I recently had some Silver Dollars in with a few juvenile SA Cichlids. They are fast but too nervous. They didn't last long. I've had a couple of Opaline Gouramis in with the cichlids for about 6 months now. They are very fast and really don't take any **** from the cichlids. They are all one big happy family...lol The danios are a good choice but as far as silver dollars go...way too skittish for me. When they get stressed, they get ick very easy (in my experiences).


----------



## candidpets (May 21, 2015)

the dither fish must be faster than the prey species minnnows and goldfish?


----------



## mambee (Apr 13, 2003)

I used to have silver dollars with my geos and angels. They were too jittery and were always getting spooked whenever I approached the tank. I rehomed them this year. That's what I love about cichlids, they go towards you instead of away from you.


----------



## Als49 (Jul 11, 2014)

mambee said:


> That's what I love about cichlids, they go towards you instead of away from you.
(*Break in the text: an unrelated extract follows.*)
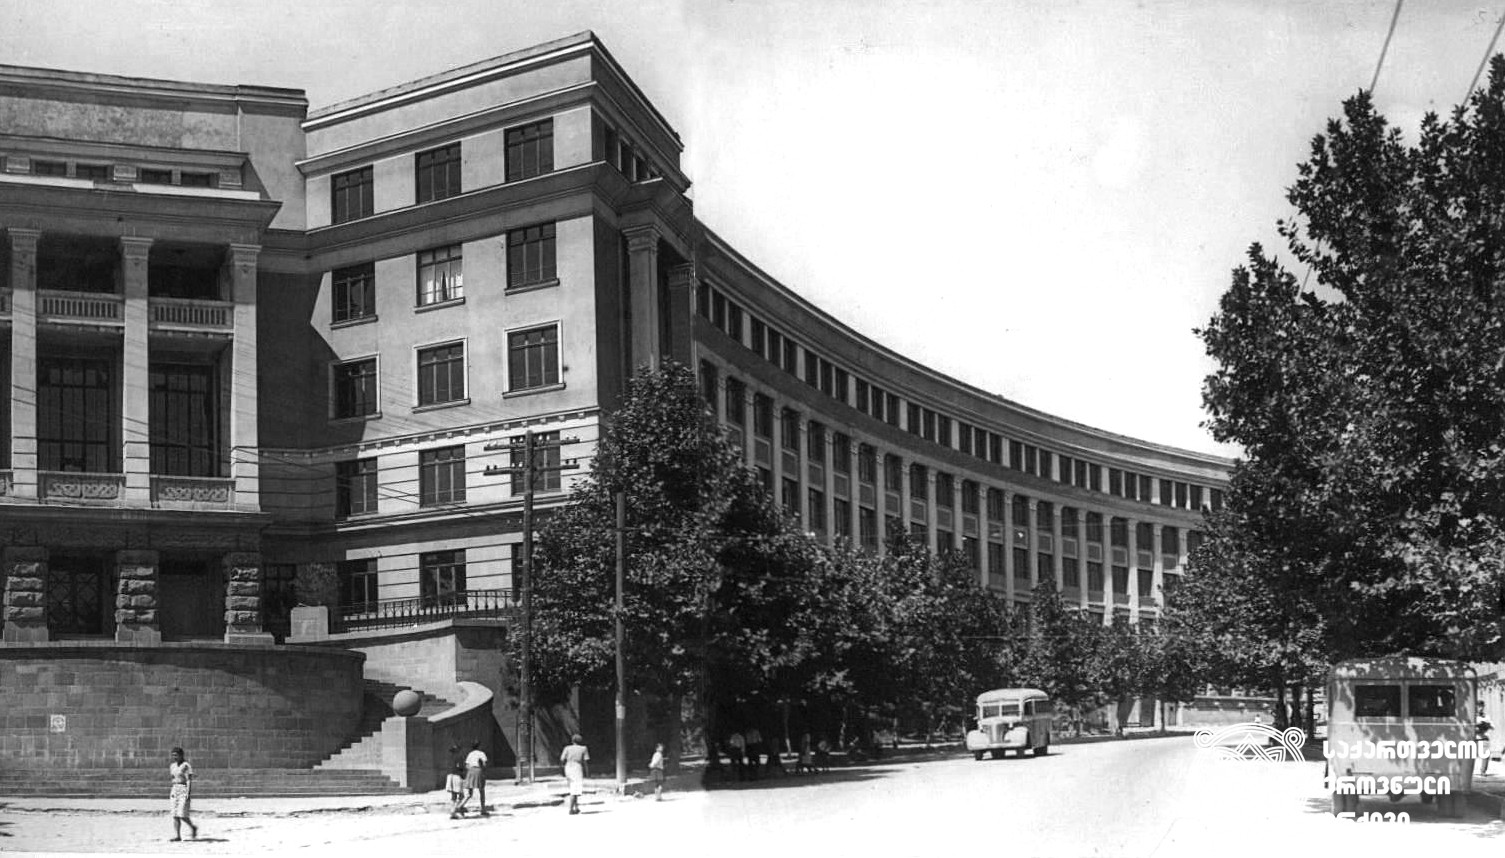 ტექნიკური უნივერსიტეტის შენობა, 1940-იანი წლები. 
<br>Building of the Technical University, 1940s.

I wish my Multies and N. brichardi did that


----------



## candidpets (May 21, 2015)

as they get big they are going towards me

my poolini specially but the small are stil scared

I did not get jaguar cichild or red devil because they tank chunks out of you sometimes when they get big, my jaguar use to attack me when i put my hand in the tank


----------



## Ten Tonne Tomahawk (Apr 24, 2015)

Mono Argents or Mono Sebae may be a different avenue.
They like Brackish water and Argets can even be kept in marine water, but I have seen them used as Dithers with bigger S/C Americans before to good effect.


----------